Task to carry out »
The records below are to be reproduced word for word.

Excerpts from a dataset »
________

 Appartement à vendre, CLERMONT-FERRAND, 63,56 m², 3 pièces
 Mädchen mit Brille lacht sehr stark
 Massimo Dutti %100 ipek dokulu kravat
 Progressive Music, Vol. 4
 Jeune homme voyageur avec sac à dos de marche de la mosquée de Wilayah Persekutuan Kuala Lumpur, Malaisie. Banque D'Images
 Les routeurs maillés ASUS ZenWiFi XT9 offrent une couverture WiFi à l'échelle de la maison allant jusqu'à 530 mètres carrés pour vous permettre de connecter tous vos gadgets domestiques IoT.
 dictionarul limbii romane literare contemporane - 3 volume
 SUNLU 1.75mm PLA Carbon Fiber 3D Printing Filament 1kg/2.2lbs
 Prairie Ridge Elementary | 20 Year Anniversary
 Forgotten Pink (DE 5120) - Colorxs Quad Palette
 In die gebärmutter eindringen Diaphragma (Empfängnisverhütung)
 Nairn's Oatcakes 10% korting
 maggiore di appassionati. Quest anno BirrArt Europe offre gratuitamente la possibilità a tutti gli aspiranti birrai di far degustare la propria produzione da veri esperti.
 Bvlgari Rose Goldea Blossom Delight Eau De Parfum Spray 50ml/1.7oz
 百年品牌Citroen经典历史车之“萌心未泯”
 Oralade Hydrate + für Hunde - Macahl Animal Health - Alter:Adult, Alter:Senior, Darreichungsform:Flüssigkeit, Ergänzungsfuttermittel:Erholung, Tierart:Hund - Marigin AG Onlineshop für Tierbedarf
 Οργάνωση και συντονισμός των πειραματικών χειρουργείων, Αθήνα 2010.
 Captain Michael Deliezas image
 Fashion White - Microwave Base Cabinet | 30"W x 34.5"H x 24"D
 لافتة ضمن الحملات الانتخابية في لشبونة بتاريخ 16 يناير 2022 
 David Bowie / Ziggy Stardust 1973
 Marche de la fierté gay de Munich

________

Response for this exercise »
 Appartement à vendre, CLERMONT-FERRAND, 63,56 m², 3 pièces
 Mädchen mit Brille lacht sehr stark
 Massimo Dutti %100 ipek dokulu kravat
 Progressive Music, Vol. 4
 Jeune homme voyageur avec sac à dos de marche de la mosquée de Wilayah Persekutuan Kuala Lumpur, Malaisie. Banque D'Images
 Les routeurs maillés ASUS ZenWiFi XT9 offrent une couverture WiFi à l'échelle de la maison allant jusqu'à 530 mètres carrés pour vous permettre de connecter tous vos gadgets domestiques IoT.
 dictionarul limbii romane literare contemporane - 3 volume
 SUNLU 1.75mm PLA Carbon Fiber 3D Printing Filament 1kg/2.2lbs
 Prairie Ridge Elementary | 20 Year Anniversary
 Forgotten Pink (DE 5120) - Colorxs Quad Palette
 In die gebärmutter eindringen Diaphragma (Empfängnisverhütung)
 Nairn's Oatcakes 10% korting
 maggiore di appassionati. Quest anno BirrArt Europe offre gratuitamente la possibilità a tutti gli aspiranti birrai di far degustare la propria produzione da veri esperti.
 Bvlgari Rose Goldea Blossom Delight Eau De Parfum Spray 50ml/1.7oz
 百年品牌Citroen经典历史车之“萌心未泯”
 Oralade Hydrate + für Hunde - Macahl Animal Health - Alter:Adult, Alter:Senior, Darreichungsform:Flüssigkeit, Ergänzungsfuttermittel:Erholung, Tierart:Hund - Marigin AG Onlineshop für Tierbedarf
 Οργάνωση και συντονισμός των πειραματικών χειρουργείων, Αθήνα 2010.
 Captain Michael Deliezas image
 Fashion White - Microwave Base Cabinet | 30"W x 34.5"H x 24"D
 لافتة ضمن الحملات الانتخابية في لشبونة بتاريخ 16 يناير 2022 
 David Bowie / Ziggy Stardust 1973
 Marche de la fierté gay de Munich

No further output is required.